Concepts¶
Architecture¶
Fuse has three layers that are cleanly separated:
┌─────────────────────────────────┐
│ Extraction Layer │
│ Extractor · SchemaBuilder │
│ Prompts · JSON parsing │
├─────────────────────────────────┤
│ Inference Backend (Protocol) │
│ LlamaCppBackend (v0.1) │
│ RustBackend (future) │
├─────────────────────────────────┤
│ Model Resolution │
│ Local GGUF · HuggingFace Hub │
└─────────────────────────────────┘
The extraction layer never imports a concrete backend directly — it works against the InferenceBackend protocol.
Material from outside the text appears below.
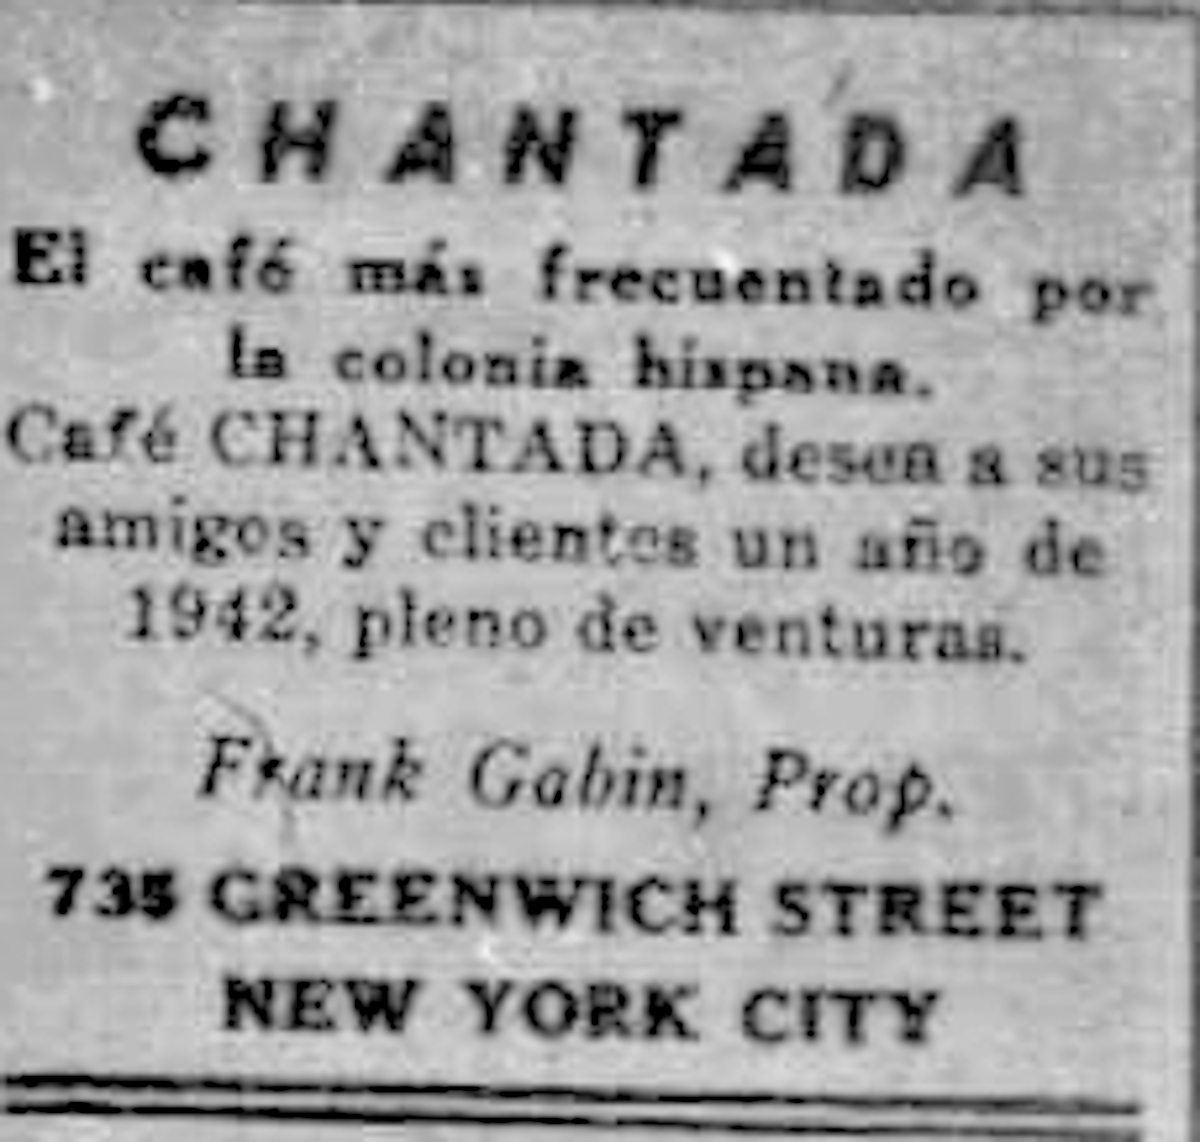 Café Chantada > 735 Greenwich St, New York │ 1940s (España Libre, Arquivo da Emigración Galega)

This means the backend can be swapped (e.g., from Python to Rust) without touching extraction code.
Inference backends¶
All backends implement the InferenceBackend protocol:
class InferenceBackend(Protocol):
def load(self, model_path: str, **kwargs) -> None: ...
def generate(self, prompt: str, *, max_tokens: int = 512, **kwargs) -> str: ...
def generate_structured(
self, prompt: str, json_schema: dict, *, max_tokens: int = 512, **kwargs
) -> dict: ...
LlamaCppBackend¶
The v0.1 backend uses llama-cpp-python for GGUF inference on CPU. Structured generation is powered by outlines for JSON schema constrained decoding.
import fuse
# From HuggingFace (auto-downloads best Q4 GGUF)
backend = fuse.LlamaCppBackend(model_name="bartowski/Llama-3.2-1B-Instruct-GGUF")
# From a local file
backend = fuse.LlamaCppBackend(model_path="./model.gguf")
# From config
config = fuse.InferenceConfig(model_name="bartowski/Phi-4-mini-instruct-GGUF", n_ctx=4096)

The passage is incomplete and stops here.